Um die Zeit bis dahin zu überbrücken, wurden Diensthandys angeschafft. Das ist teuer: Für jeden Handyvertrag fällt eine monatliche Grundgebühr an - in der Regel etwa zehn Euro. Außerdem sind die Gesprächsgebühren enorm. Gerade bei älteren Verträgen schlägt eine Minute tagsüber schon mal mit einem Euro zu Buche. Die Direktion, mit der gerade über Bündelfunk verhandelt wird, hat mittlerweile rund 900 Verträge mit Mobilfunknetzbetreibern. Richtig Steuergeld kostet, daß im Laufe der Jahre unterschiedliche Anbieter gewählt wurden. Das läßt insbesondere die Kosten für Gespräche der Polizisten untereinander explodieren. Deren Jahresetat 2004 war so bereits im April ausgeschöpft.

Am besten wäre es, wenn eine Direktion alle Verträge bei einem Anbieter hätte.

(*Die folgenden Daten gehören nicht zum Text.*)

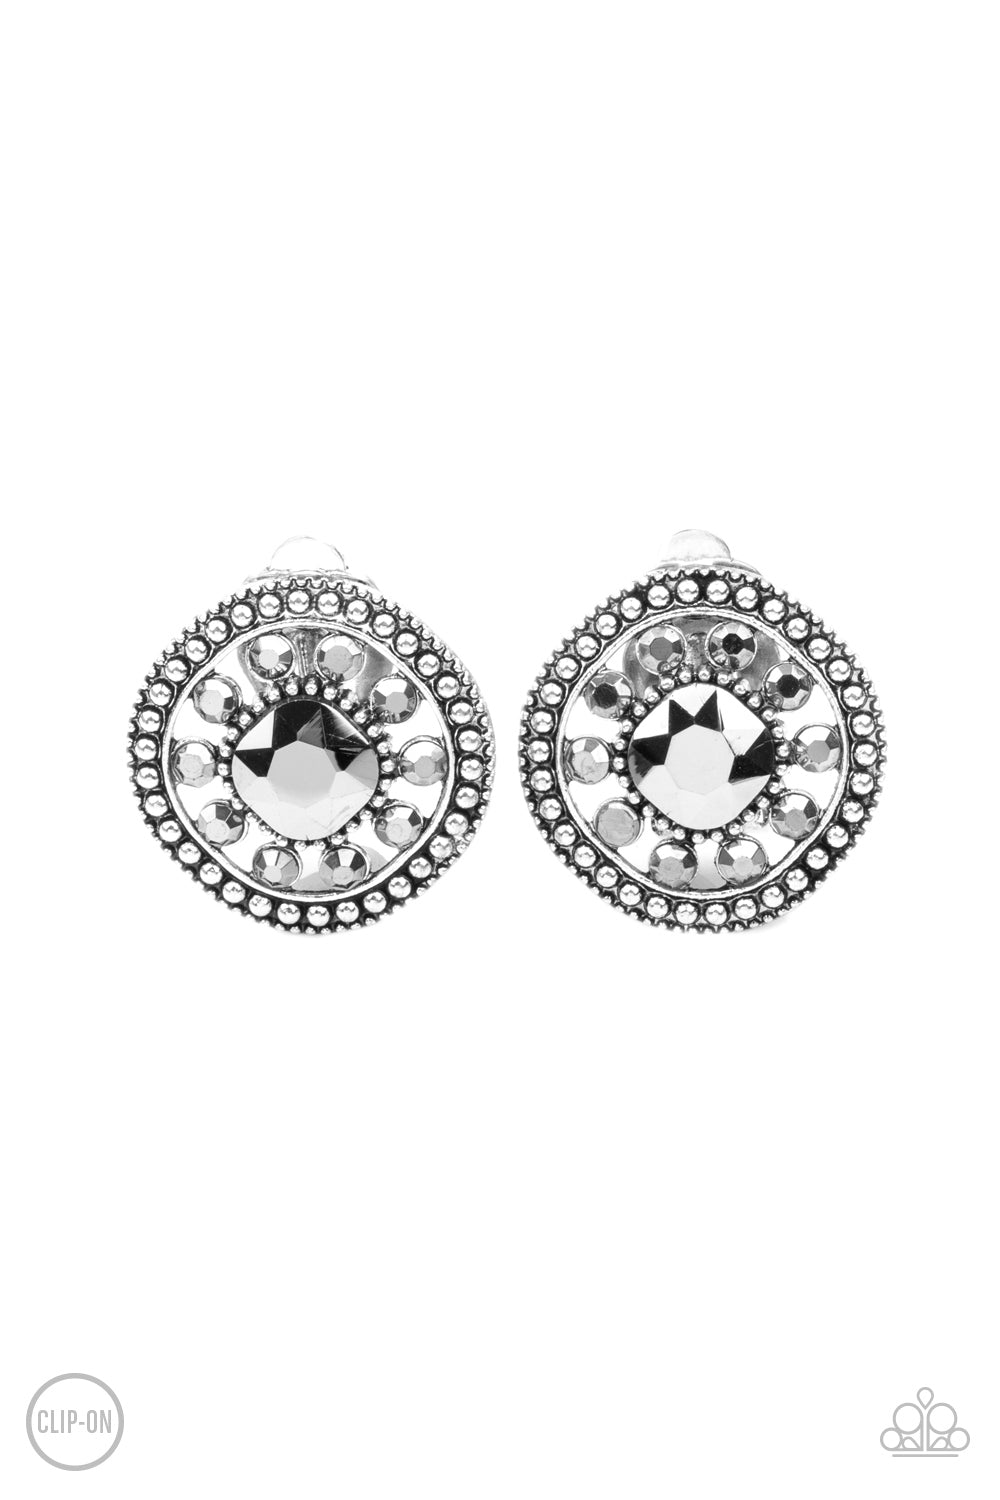 Featuring an oversized center, a hematite rhinestone encrusted flower blooms across the silver center of a studded frame for a sparkly finish. Earring attaches to a standard clip-on fitting.

Denn untereinander telefonieren etwa E-plus-Kunden für weniger als vier Cent pro Minute. Die laufenden Kosten hätten dadurch um schätzungsweise 80 Prozent gesenkt werden können. "Halt!" rief da jedoch das Landespolizeiverwaltungsamt (LPVA), als mehrere Direktionen kostenbewußt zu einem einzigen Anbieter wechseln wollten. Diese Investition übersteige den Rahmen von 2.500 Euro, so die leitende Behörde. Damit könne die Direktion dies nicht mehr eigenständig entscheiden, sagten die LPVA-Bürokraten. Vielmehr müsse eine europaweite Ausschreibung erfolgen. Und die dauert. Da waren allerdings einige Verträge bei anderen Anbietern bereits gekündigt. Das LPVA hat den Dienststellen jetzt untersagt, neue Verträge abzuschließen. Laufen nun die gekündigten Verträge aus, so stehen Polizisten selbst ohne Handy da. Und ohne den neuen Bündelfunk.

Es gibt noch einen weiteren Grund, warum die Behörde keine Alleingänge der Direktionen wünscht: Angeblich hat das LPVA ohne Wissen der Direktionen teilweise bestehende Handyverträge verlängert. Dafür spendiert der Netzbetreiber alle zwei Jahre ein neues Gerät. Diese wurden dann aber anderen Direktionen zur Verfügung gestellt, die neue Geräte noch nötiger hatten. "Die wissen nicht, was sie wollen", lautet das Fazit des Geschäftsmanns, der monatelang mit der Polizeidirektion über die Anschaffung neuester Technik verhandelt hat.